* PROBLEM REQUIREMENTS
Using the data that follows, output only the lines from the line with "Feliz Dia De" up to and including the line with "Toyota Celica Lb Turbo Group 5", exactly, leaving pictures aside.

* INPUT
((

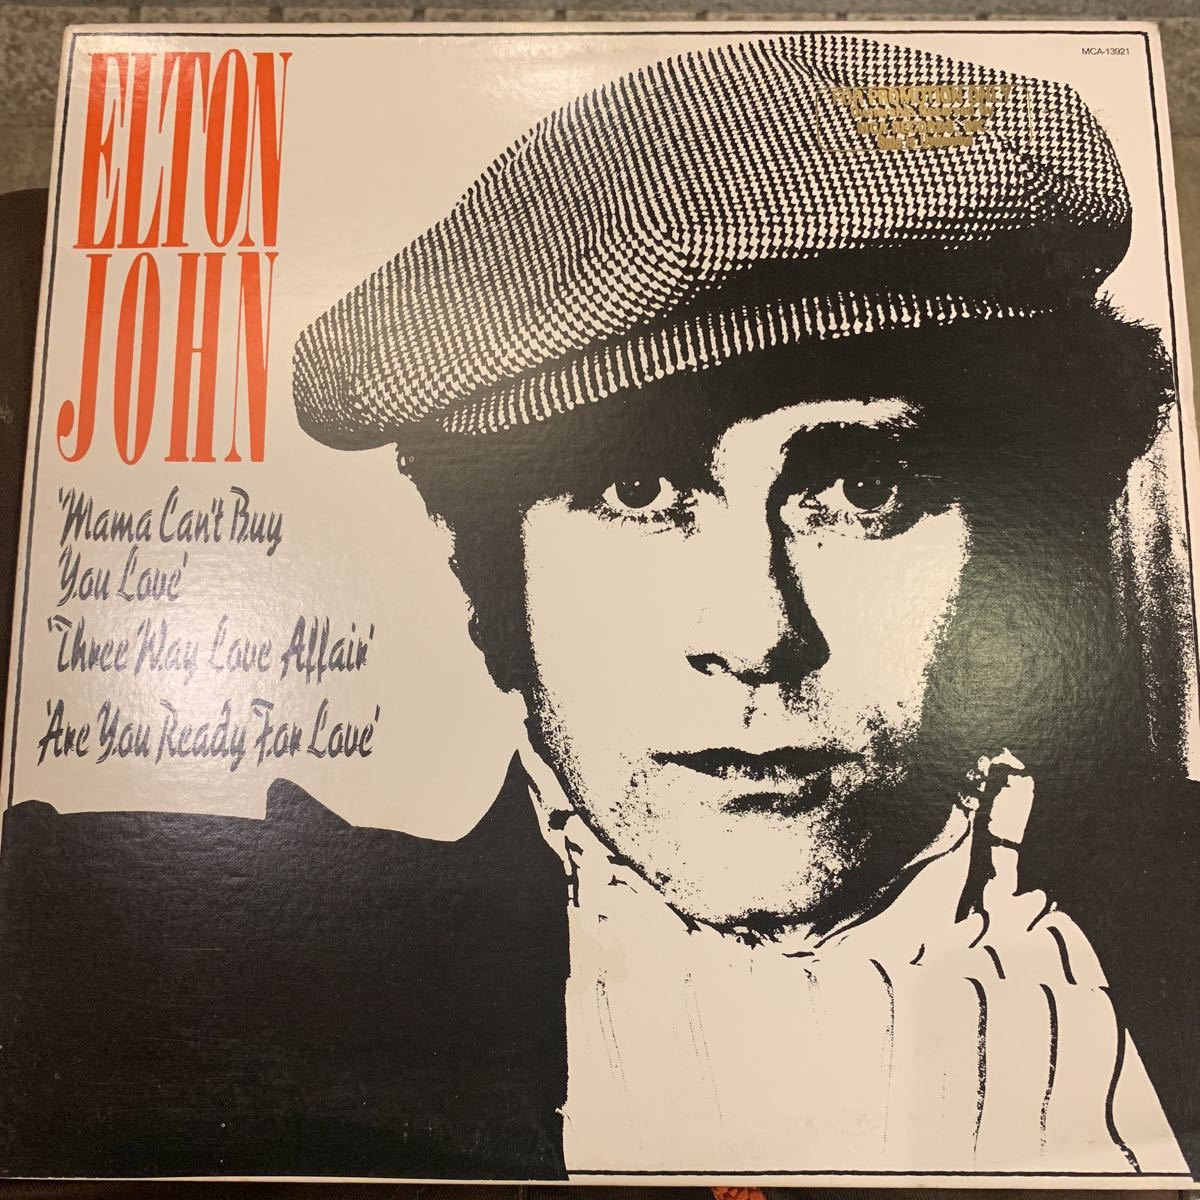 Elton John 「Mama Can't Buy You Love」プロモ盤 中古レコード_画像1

))
((

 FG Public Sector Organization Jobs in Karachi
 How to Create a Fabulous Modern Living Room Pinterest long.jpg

))
((

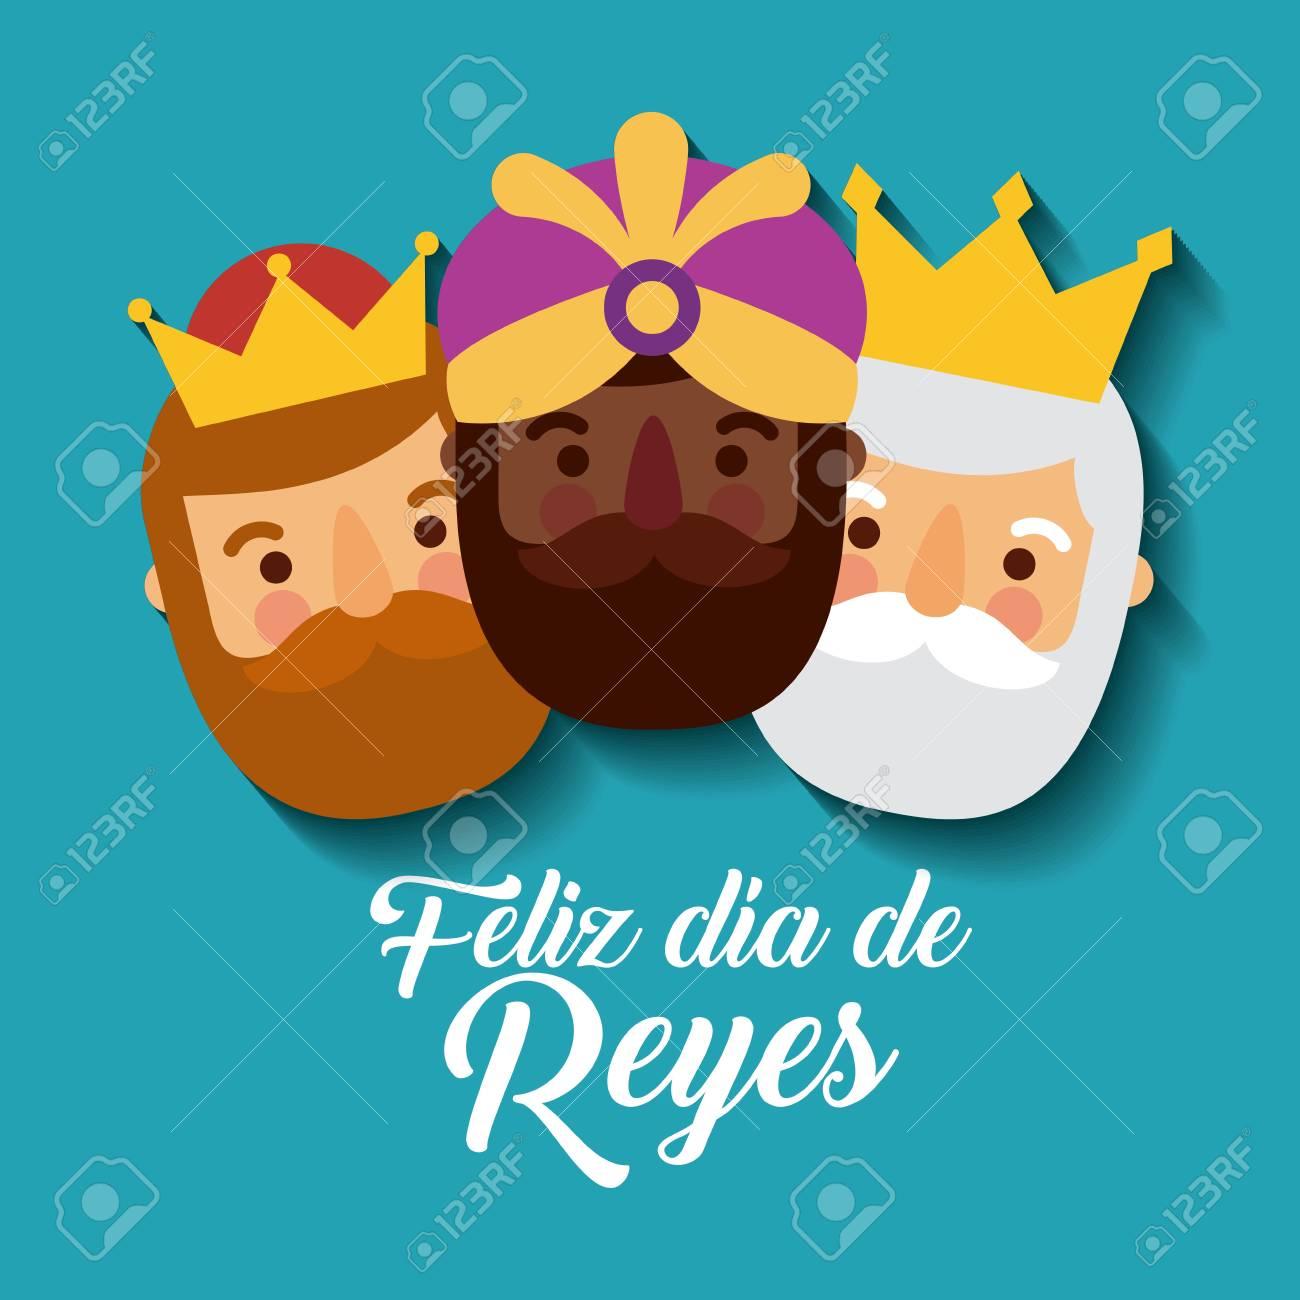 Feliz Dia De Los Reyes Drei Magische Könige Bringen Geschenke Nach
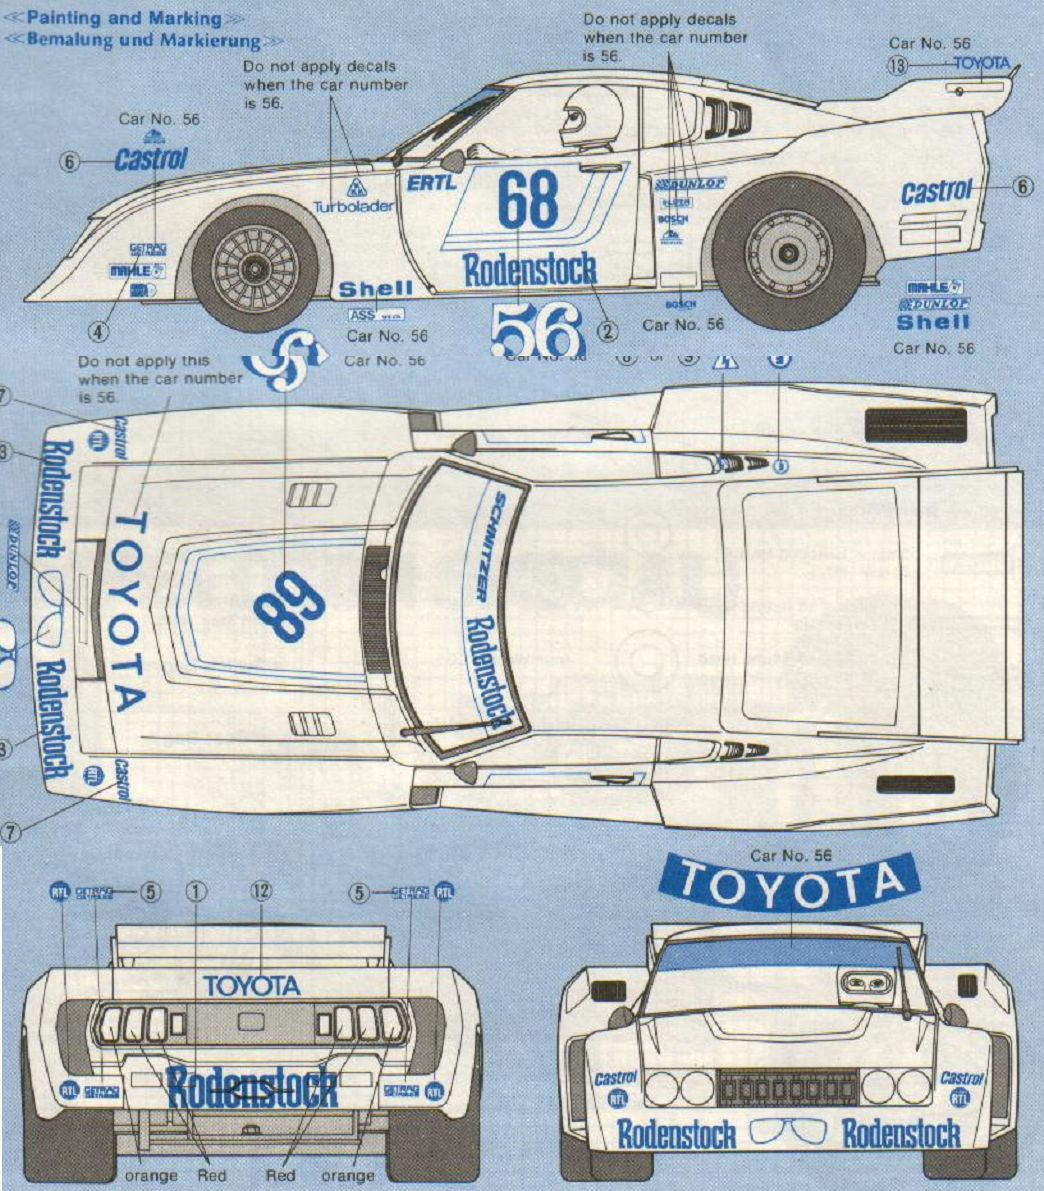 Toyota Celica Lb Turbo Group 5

))

* EXERCISE RESULT
 Feliz Dia De Los Reyes Drei Magische Könige Bringen Geschenke Nach
 Toyota Celica Lb Turbo Group 5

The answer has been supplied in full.